● Your instructions:
With the pictures left out, transcribe exactly the lines from the one with "Florida A&M hosts" through the end of the data.

Start of Stored data

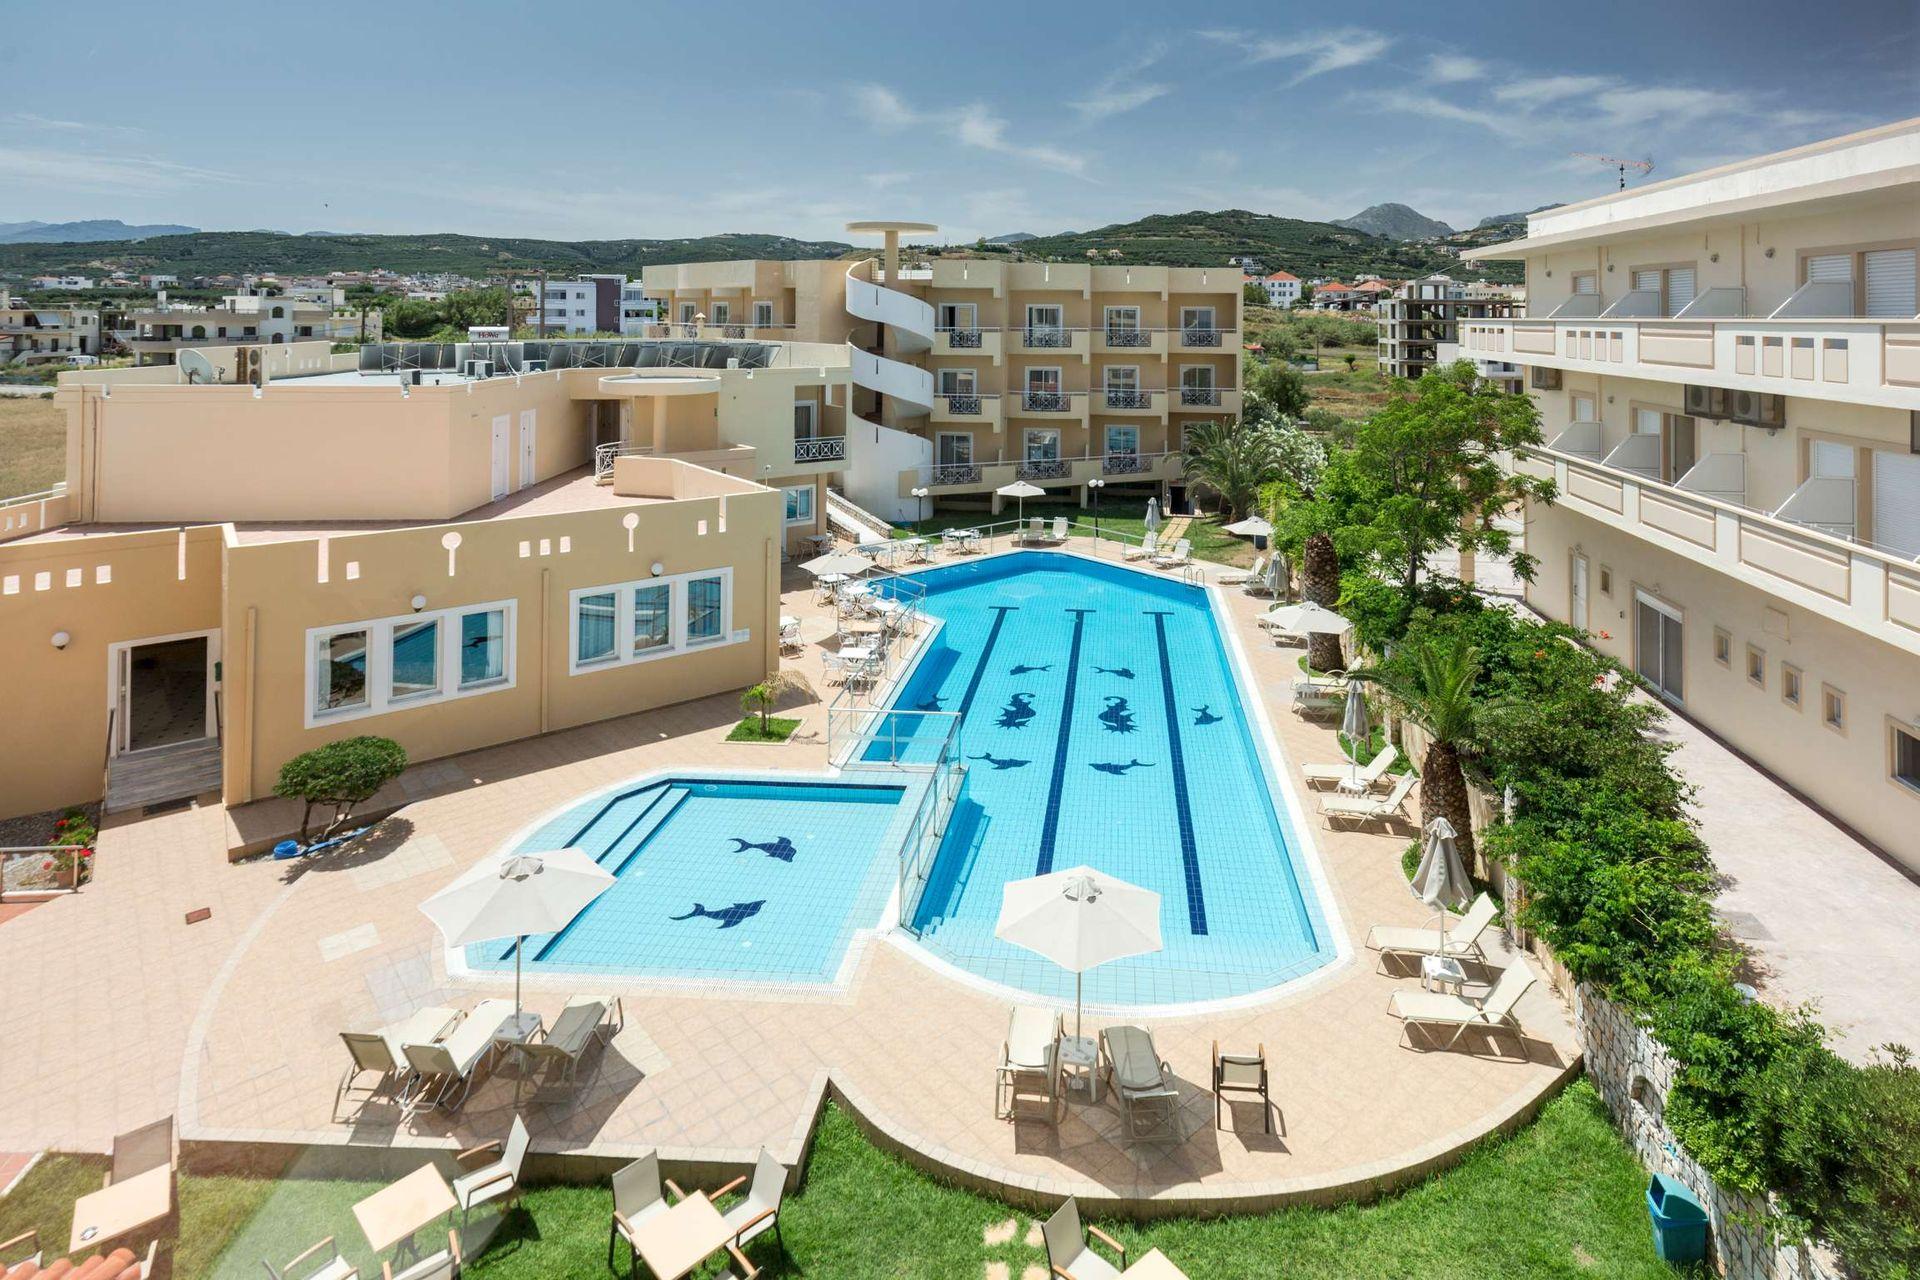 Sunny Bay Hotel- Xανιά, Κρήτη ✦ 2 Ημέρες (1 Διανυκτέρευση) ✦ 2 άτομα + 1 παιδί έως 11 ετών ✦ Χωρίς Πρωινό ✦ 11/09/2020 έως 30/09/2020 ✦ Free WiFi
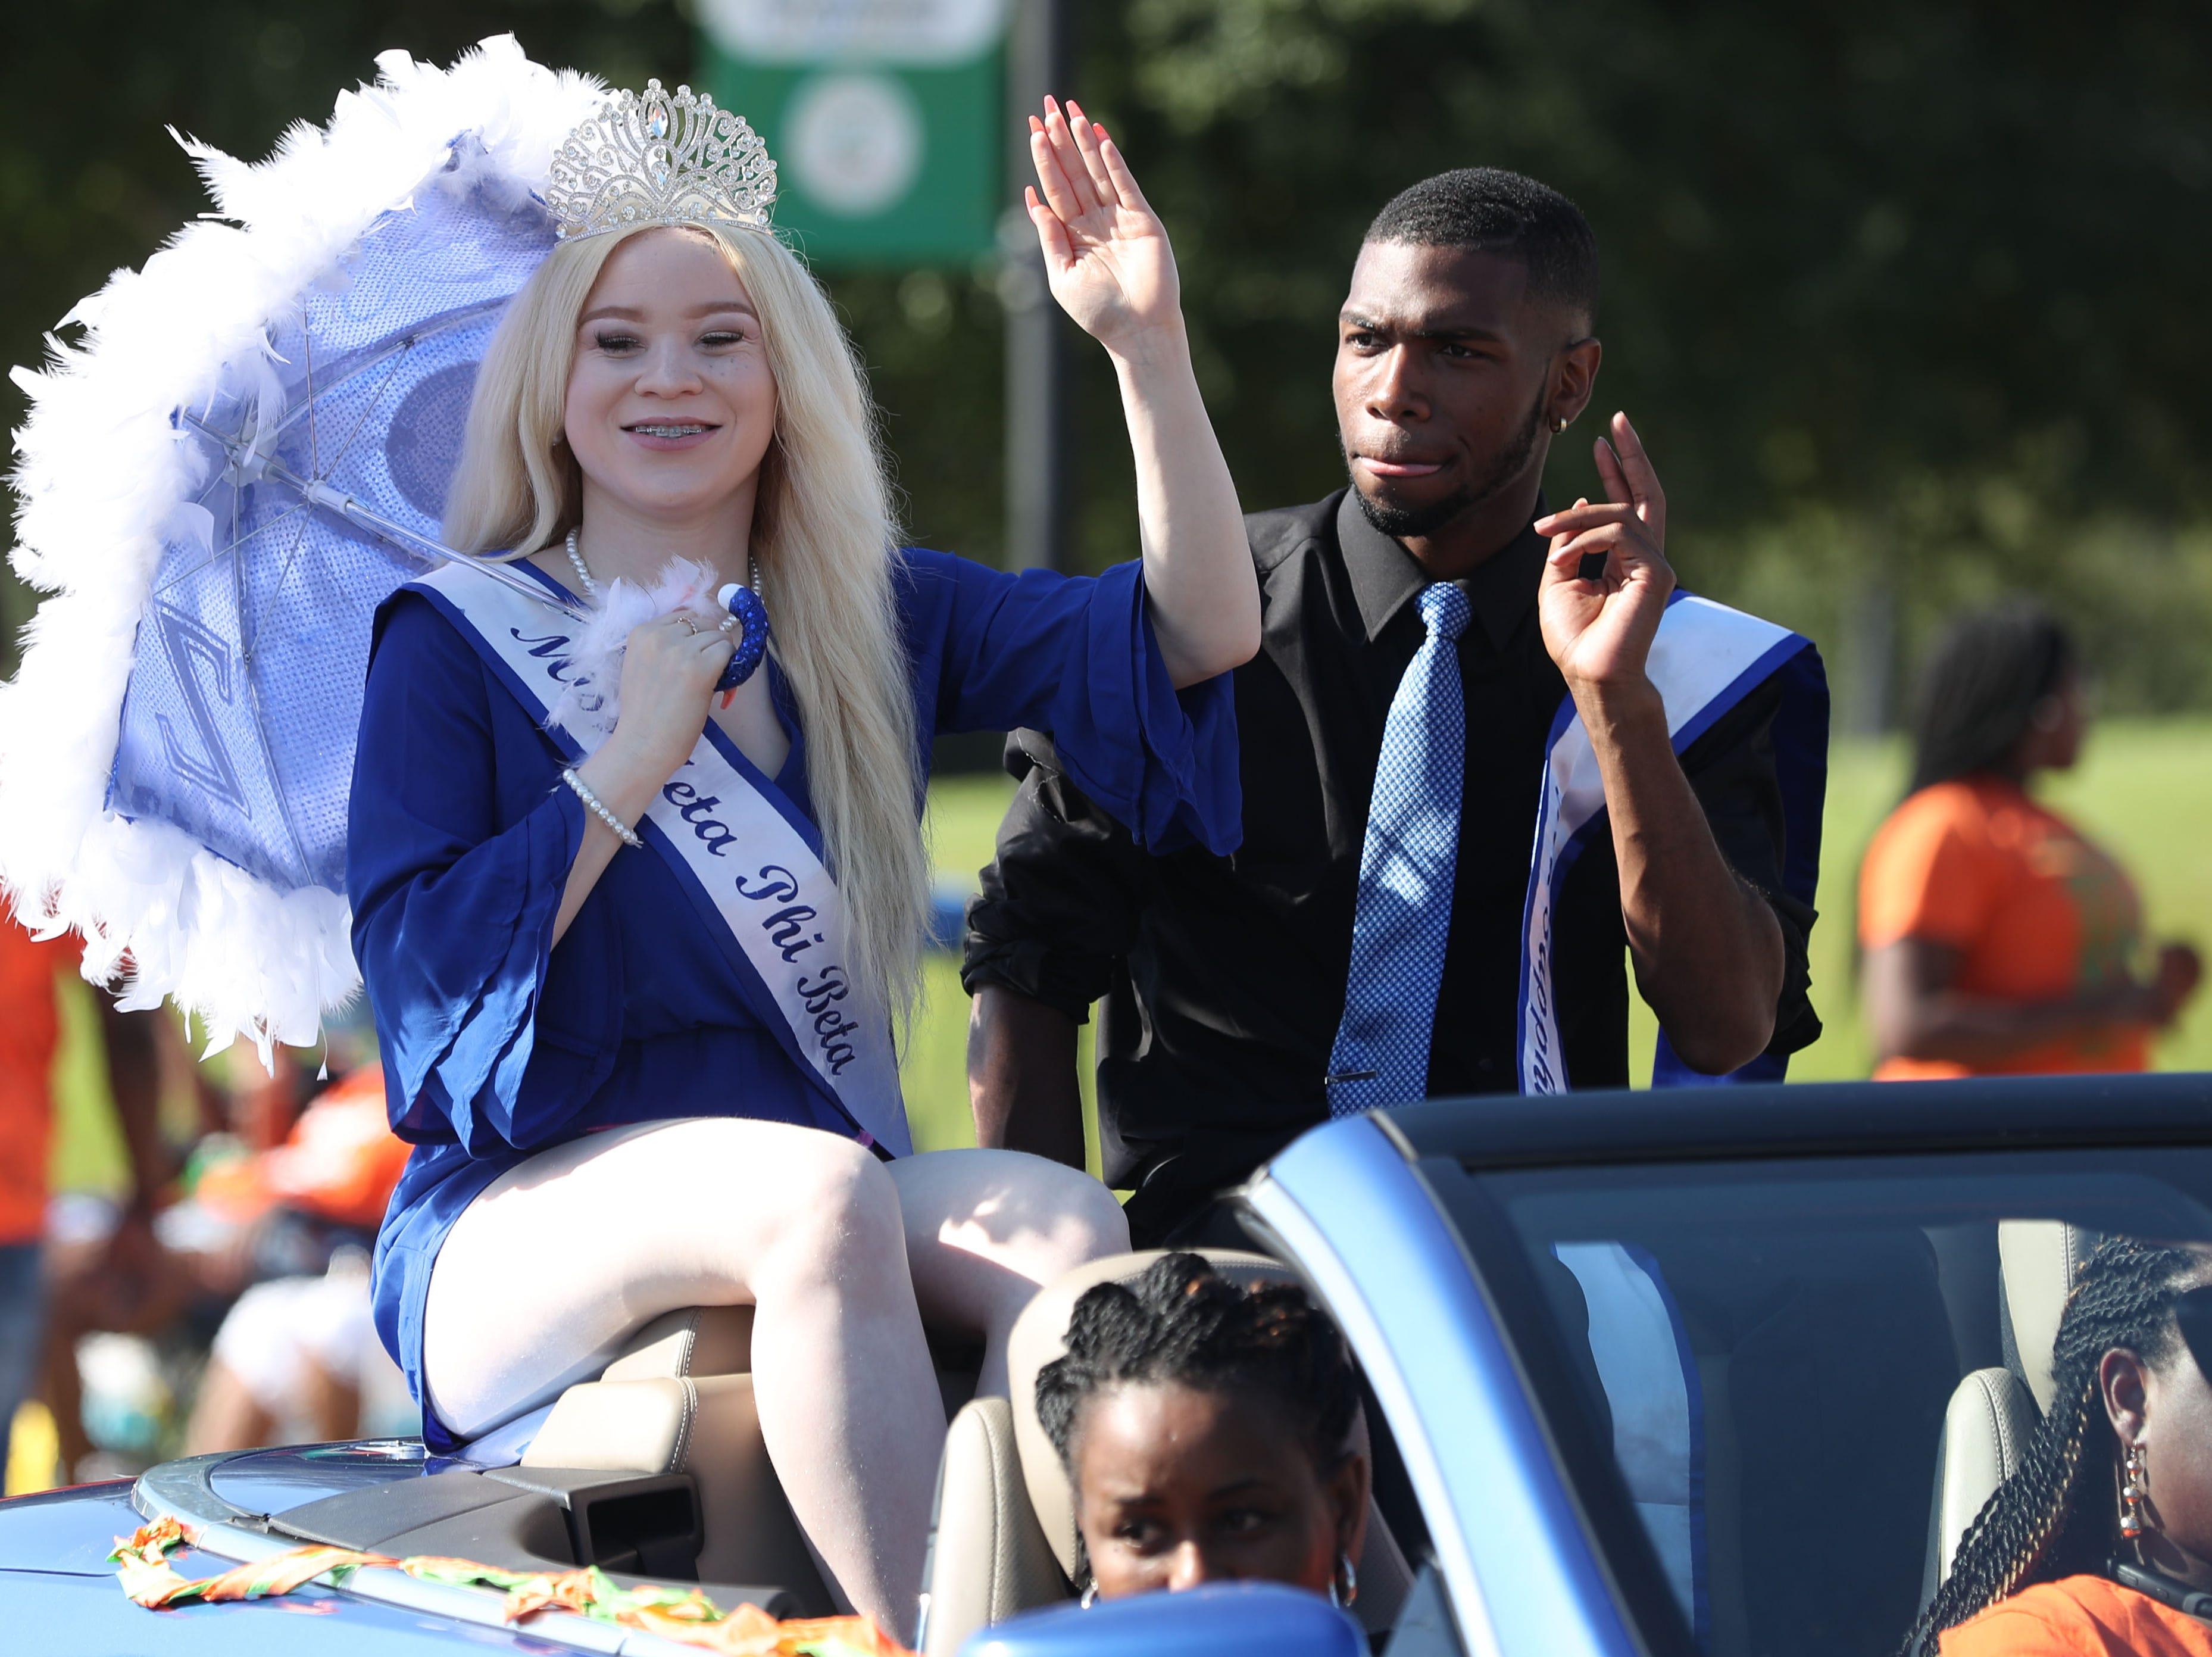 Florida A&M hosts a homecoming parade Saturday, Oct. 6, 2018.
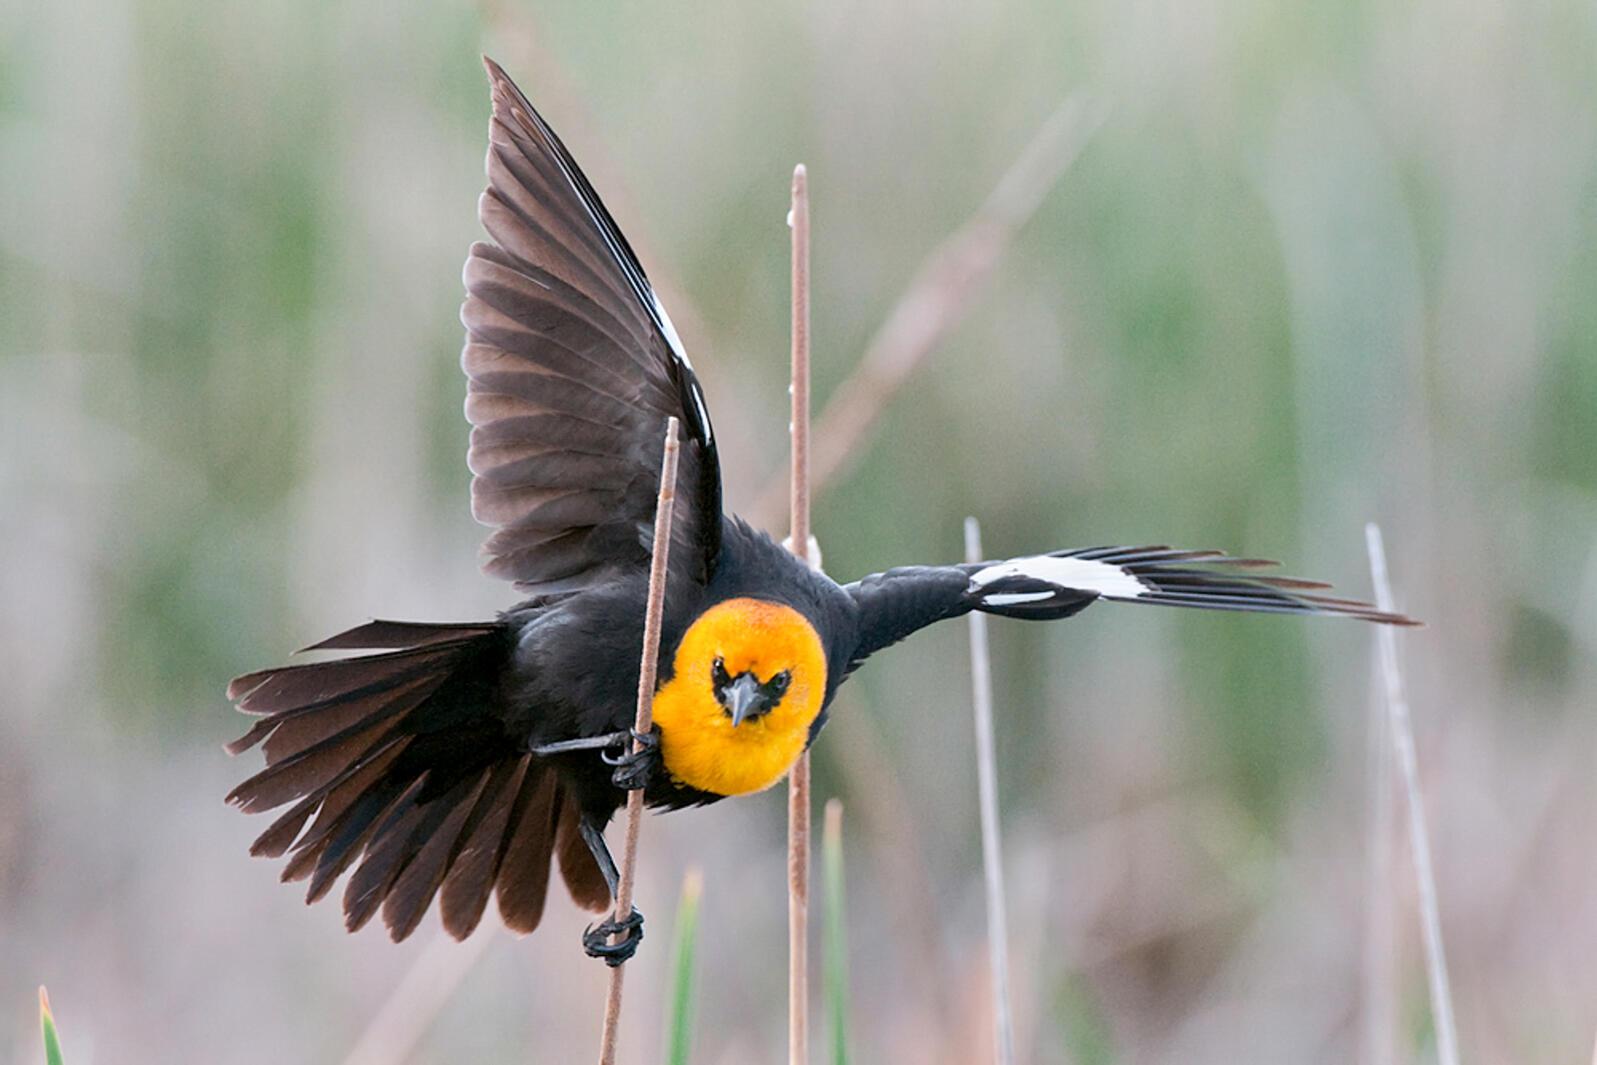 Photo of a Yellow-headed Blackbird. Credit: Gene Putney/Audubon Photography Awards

End of Stored data

● Solved exercise:
 Florida A&M hosts a homecoming parade Saturday, Oct. 6, 2018.
 Photo of a Yellow-headed Blackbird. Credit: Gene Putney/Audubon Photography Awards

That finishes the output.